> [What to produce]: Take the lines from the one with "NOTICE: Our office" through the end of the material below and repeat them exactly, dropping every picture.

> [Dataset extract]:
■ ■ ■ ■ ■

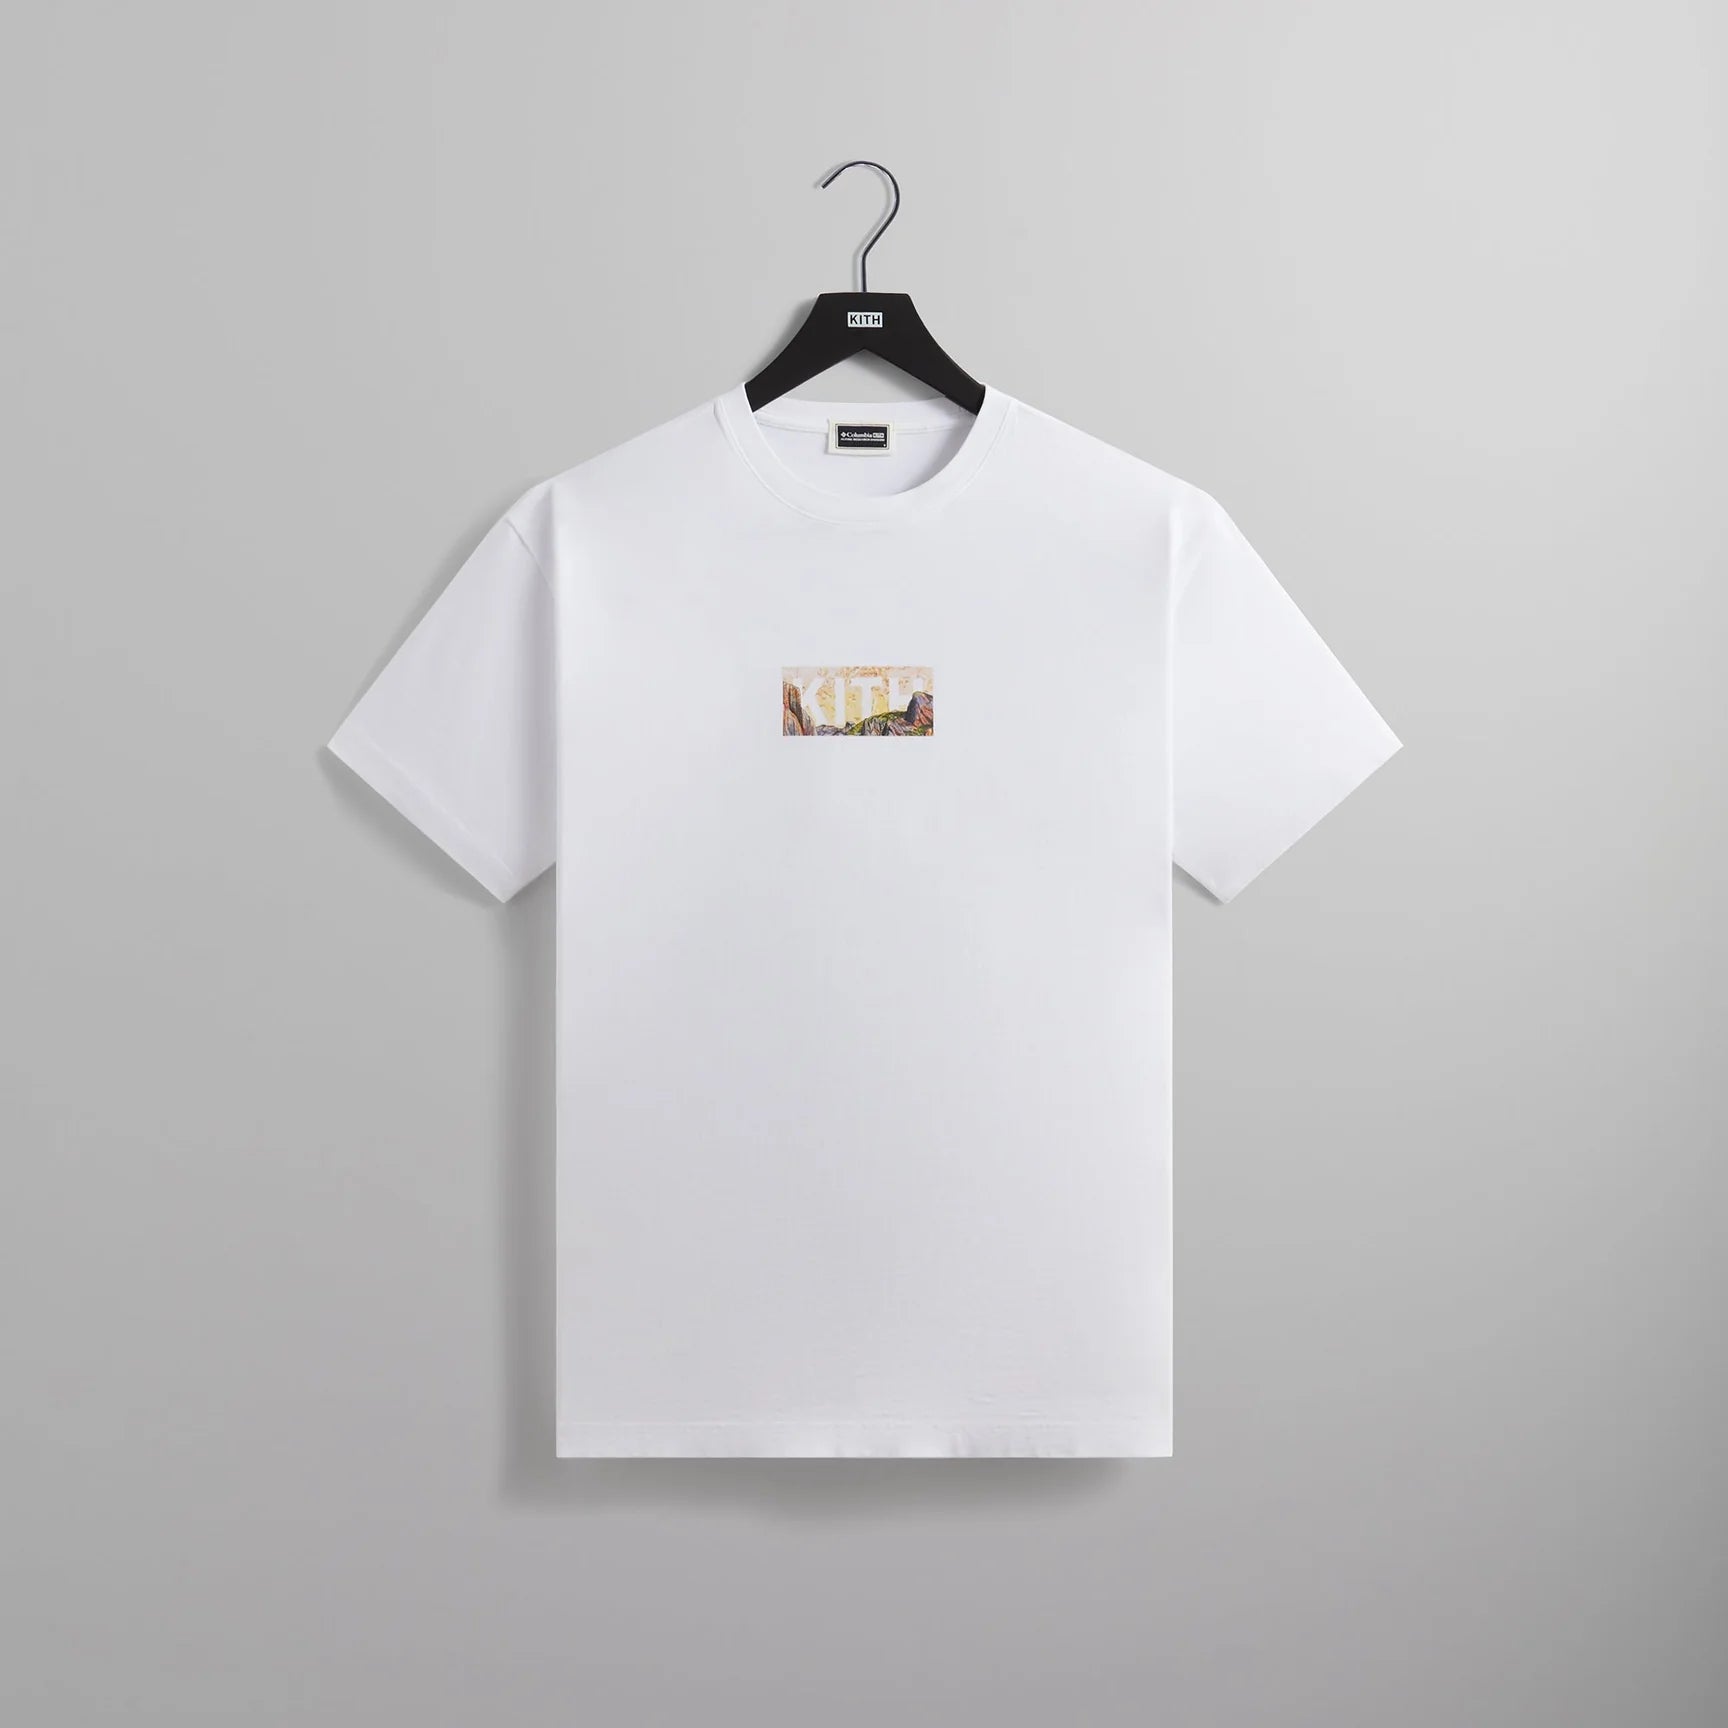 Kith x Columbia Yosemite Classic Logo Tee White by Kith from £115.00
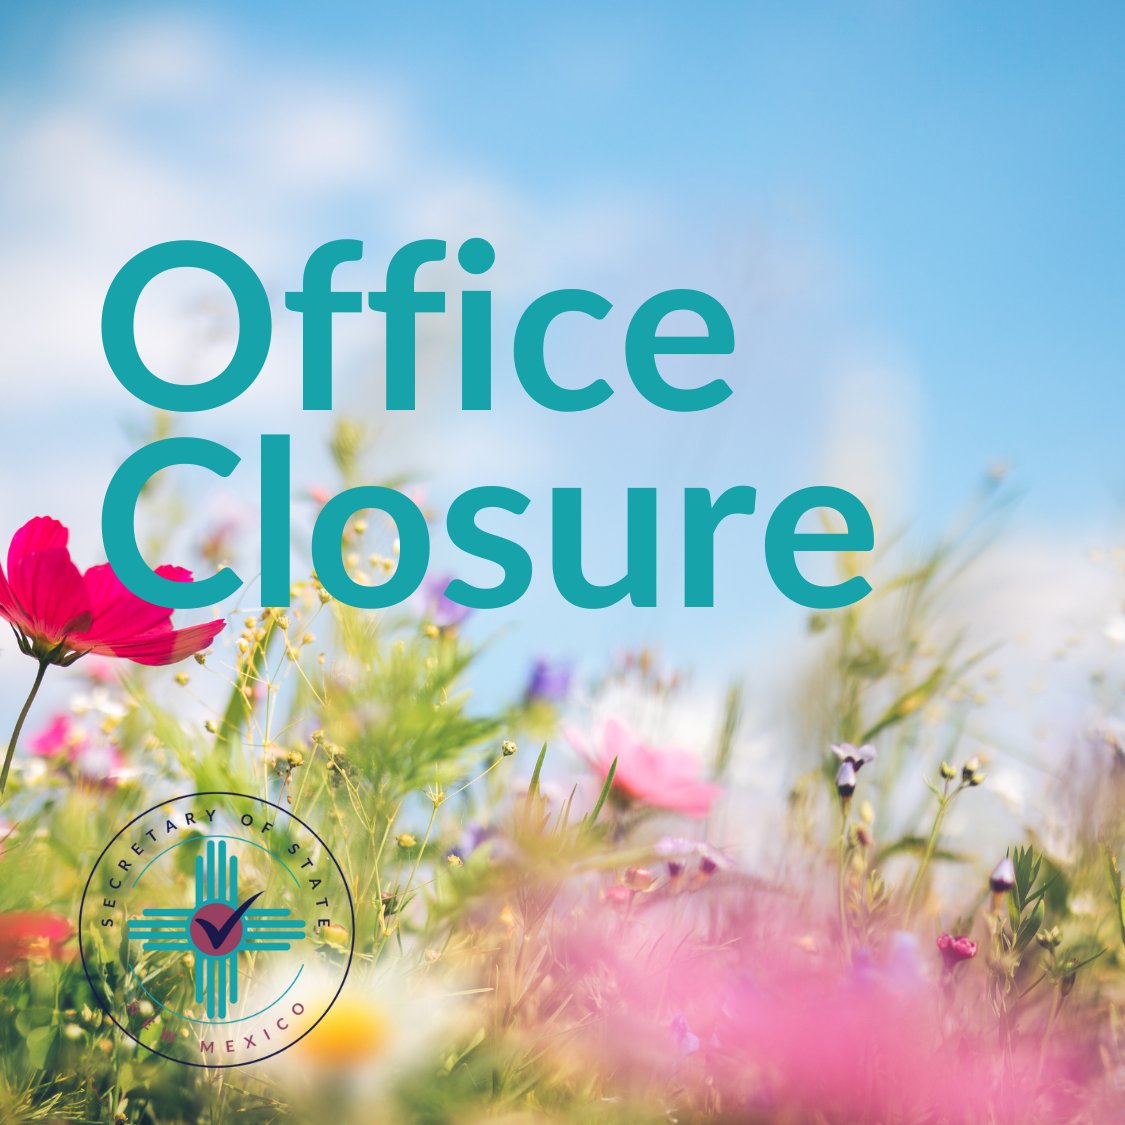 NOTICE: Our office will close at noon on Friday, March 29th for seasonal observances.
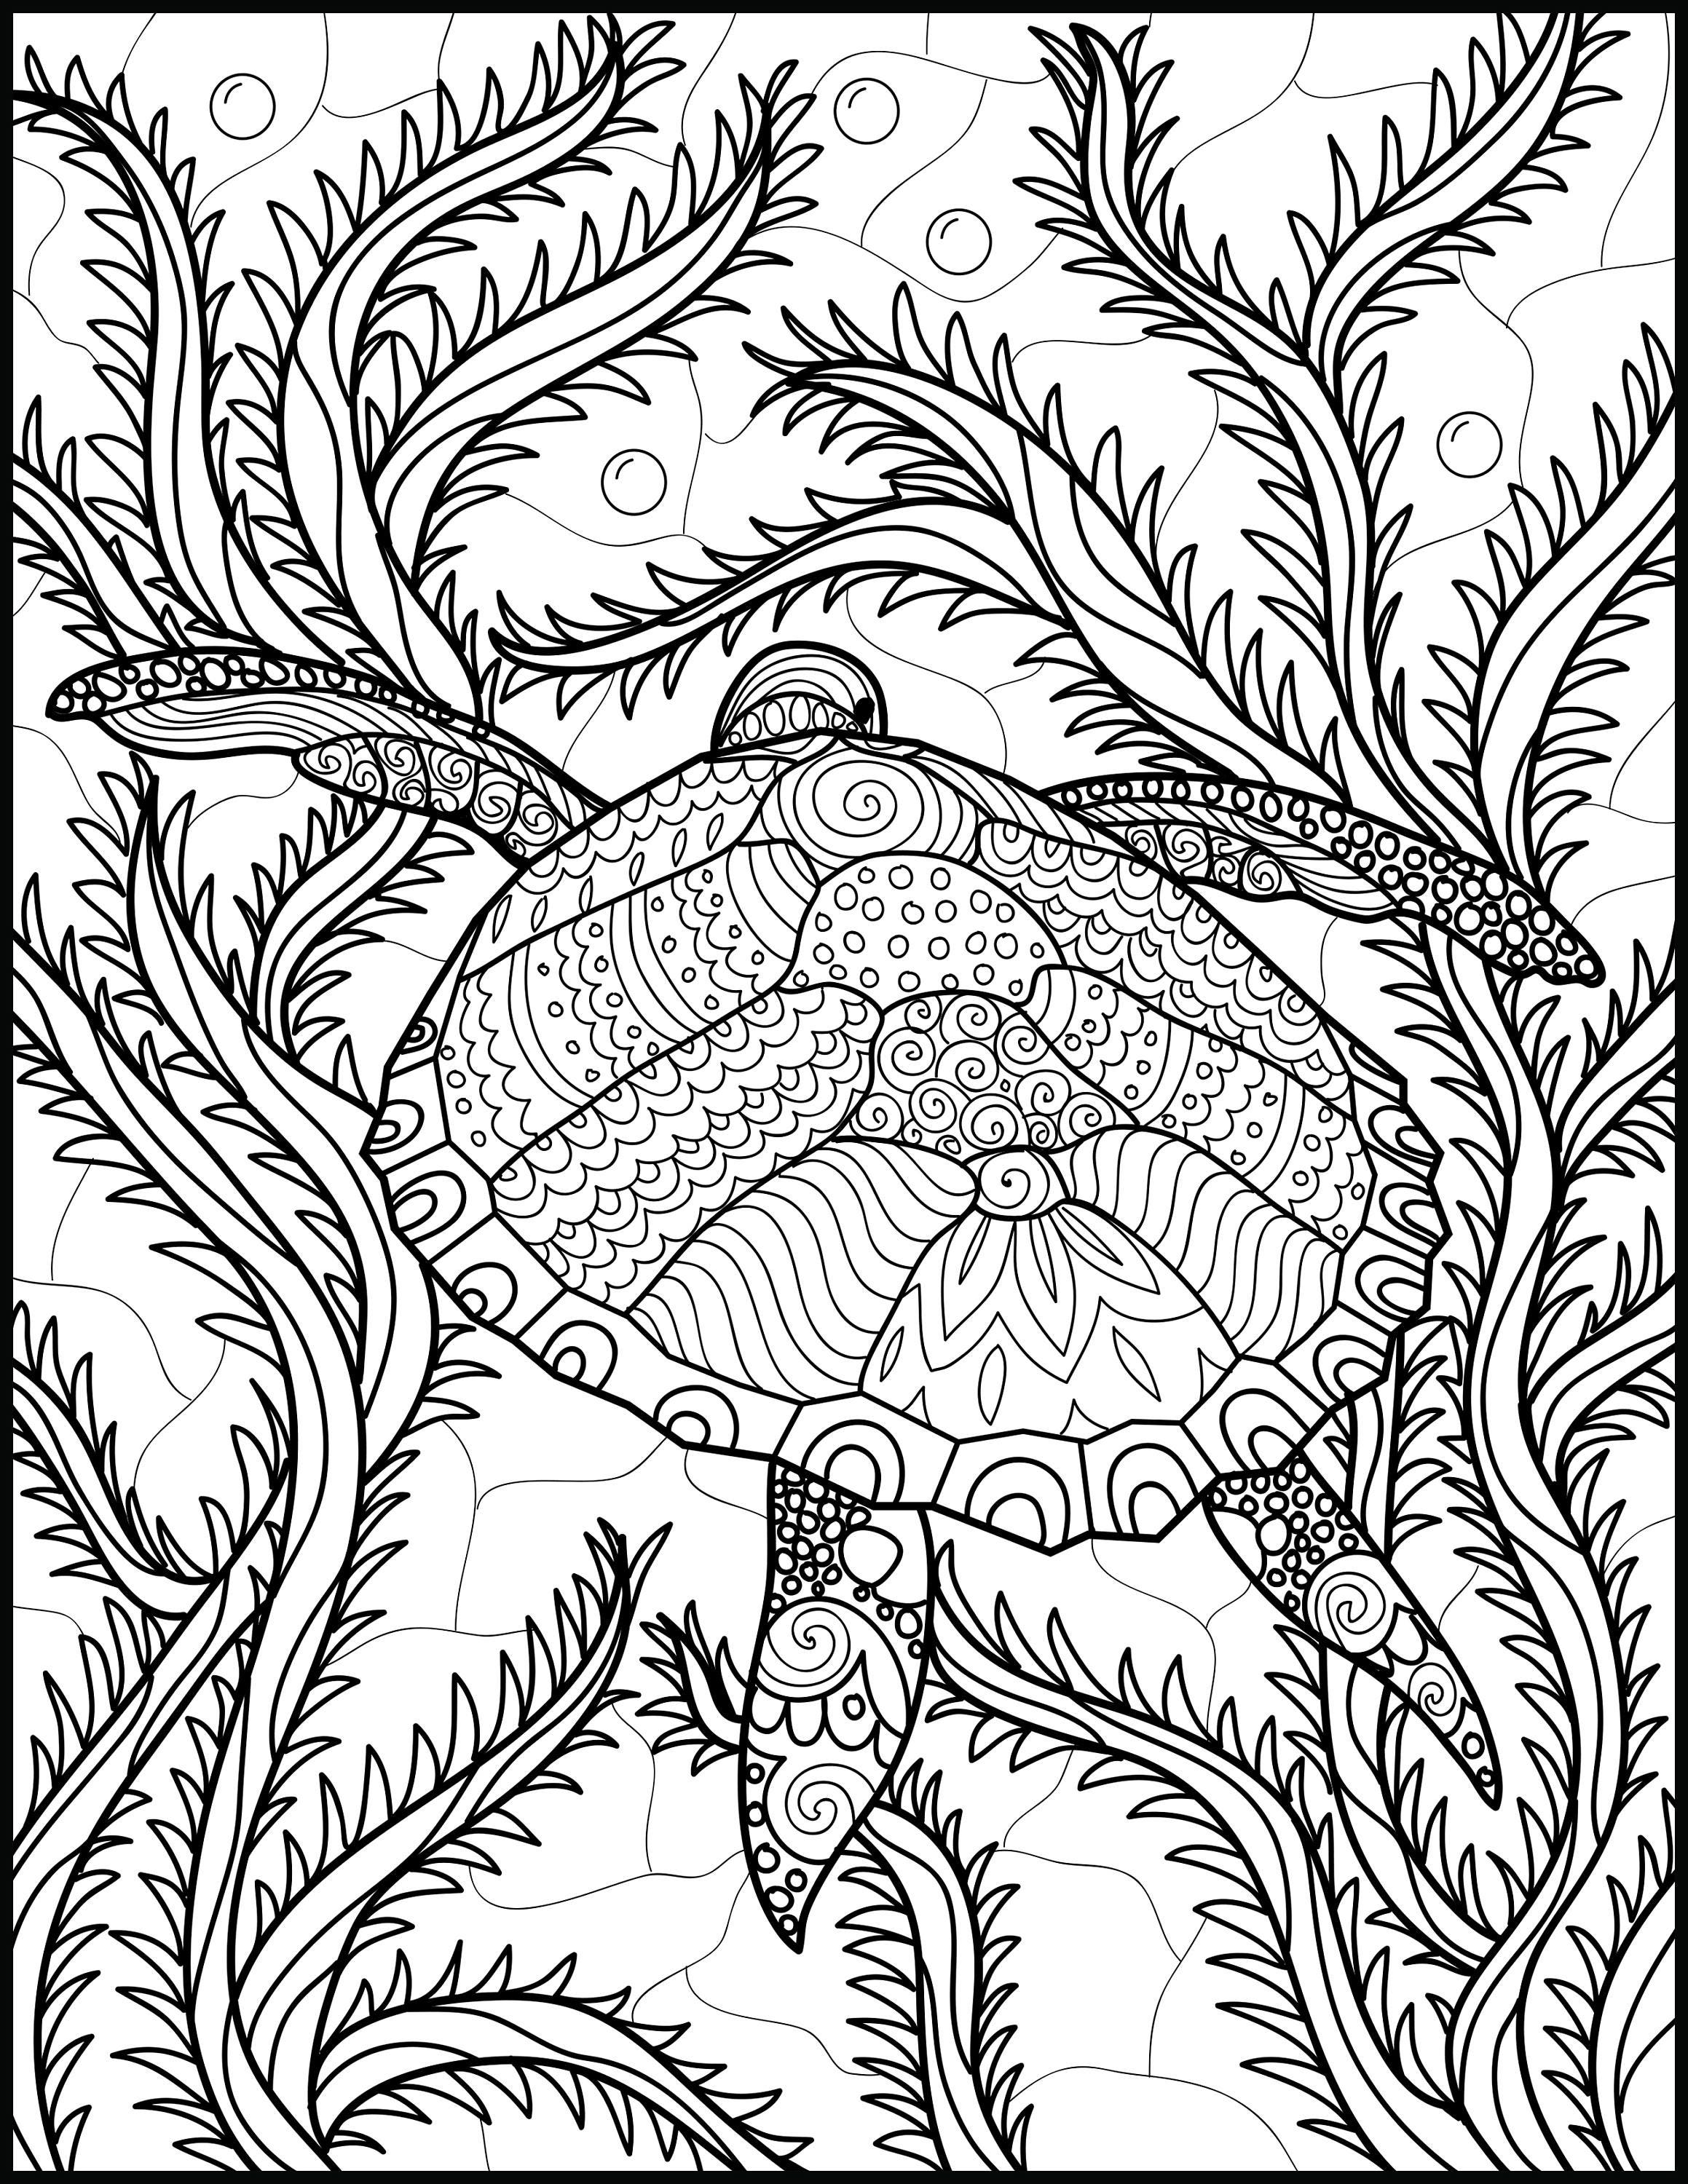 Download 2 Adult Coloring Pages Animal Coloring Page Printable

■ ■ ■ ■ ■

> [Your response]:
 NOTICE: Our office will close at noon on Friday, March 29th for seasonal observances.
 Download 2 Adult Coloring Pages Animal Coloring Page Printable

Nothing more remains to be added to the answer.